As if anybody is surprised, Ars Technica reports that Microsoft recommends against Internet Explorer users installing Google Chrome Frame citing security concerns.
As I blug (I like that better than "blogged," for now) on Tuesday, Google Chrome Frame is a plug-in for Microsoft Internet Explorer that essentially instantiates the Chrome browser inside Internet Explorer.
Microsoft was quick to get the following statement to Ars Technica:
With Internet Explorer 8, we made significant advancements and updates to make the browser safer for our customers. Given the security issues with plugins in general and Google Chrome in particular, Google Chrome Frame running as a plugin has doubled the attach area for malware and malicious scripts.
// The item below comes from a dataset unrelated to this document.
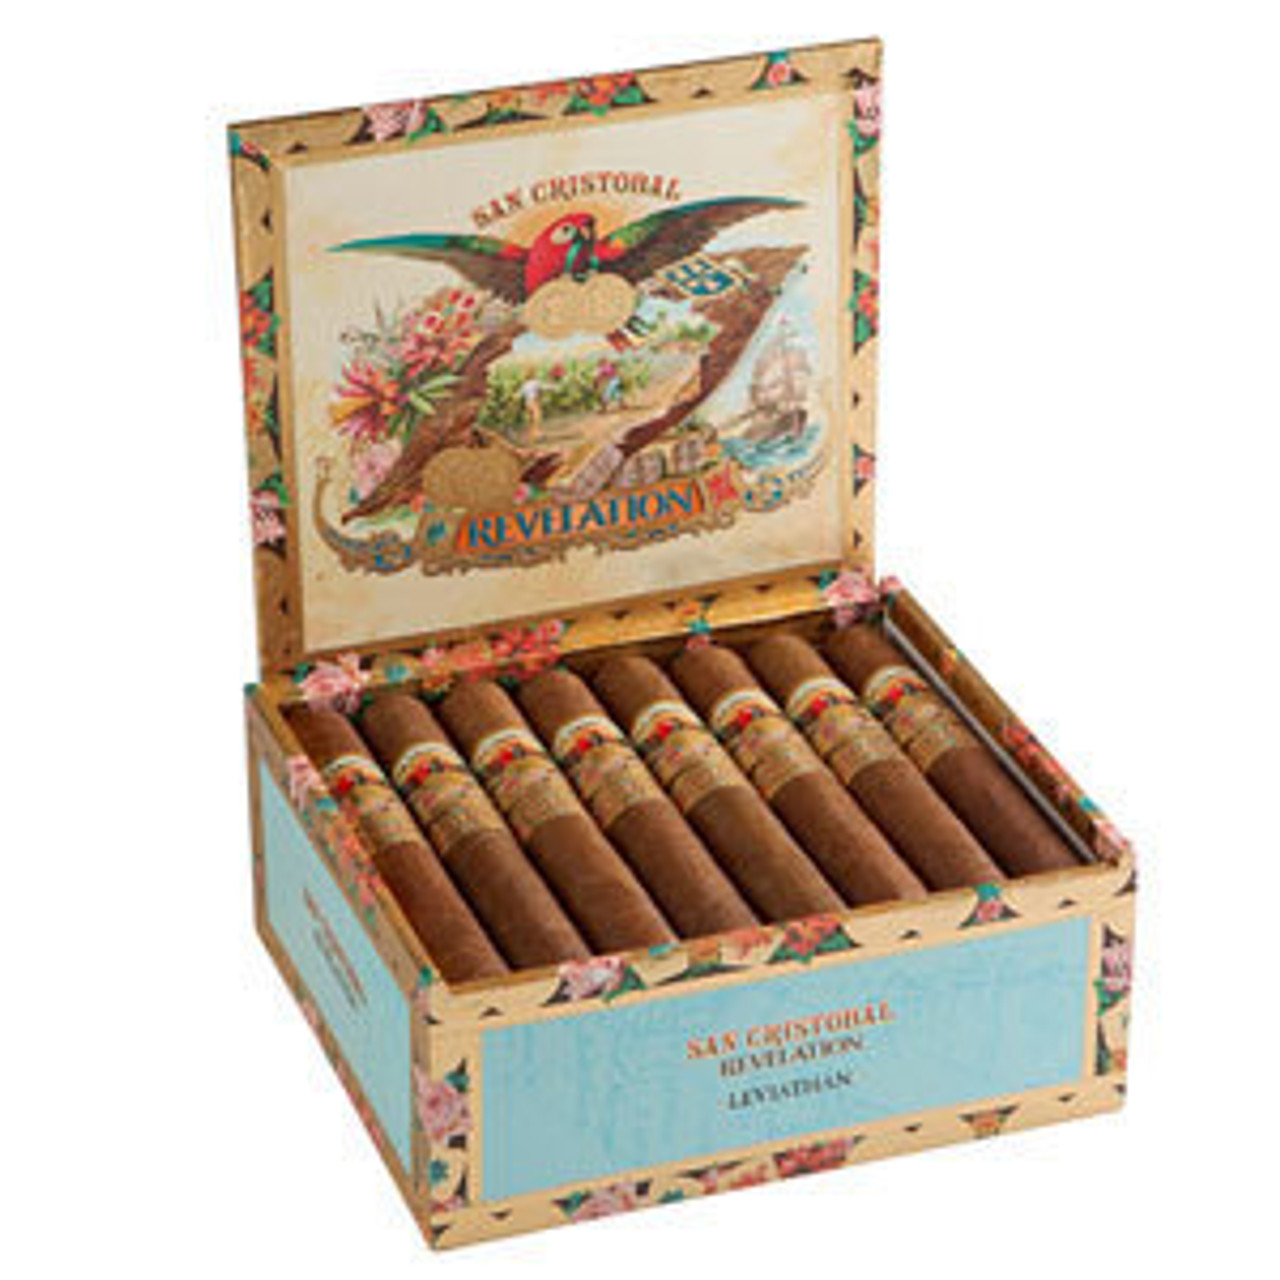 San Cristobal Revelation Leviathan Cigars - 6.5 x 64 (Box of 24) *Box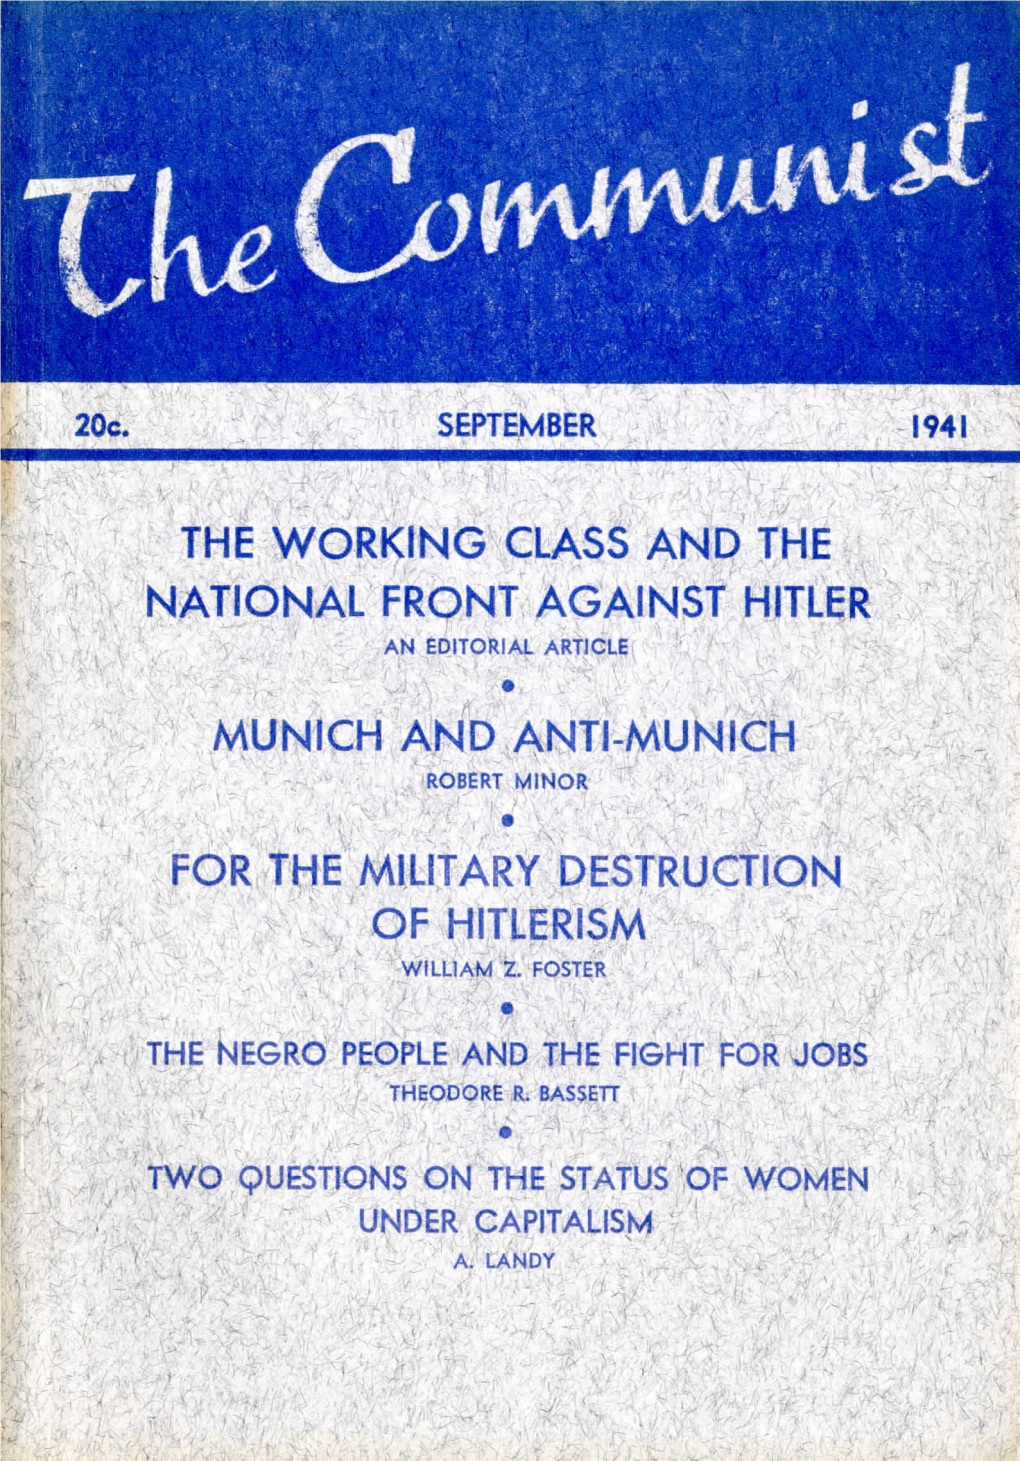 Volume 20 No. 9, September, 1941

This is not a risk we would recommend our friends and families take.
While a piece of malware may have two things to attack now, it would have to circumvent both Internet Explorer's security measures and Chrome's security measures in an attack. Given that Chrome was the only browser to make it through day one of the Pwn2Own hackfest in March, and given feedback from one participant stating its sandboxing feature posed a formidable challenge, it seems that it might be a while before someone even tries again. There is some debate about whether people didn't try as hard given its small market share. Nobody has said yet whether the Chrome Frame implementation differs enough from Chrome that an exploit could affect both in the same way. If users upgrade to IE8, considered very secure by many, then the issue may be moot. At that point, however, users on IE8 who install Chrome Frame are more likely to be trying new features instead of using it as a workaround to outdated browser features and support.
The big question is, how long before Microsoft changes its plug-in architecture in an IE update (for security reasons, I'm sure) that essentially disables Chrome?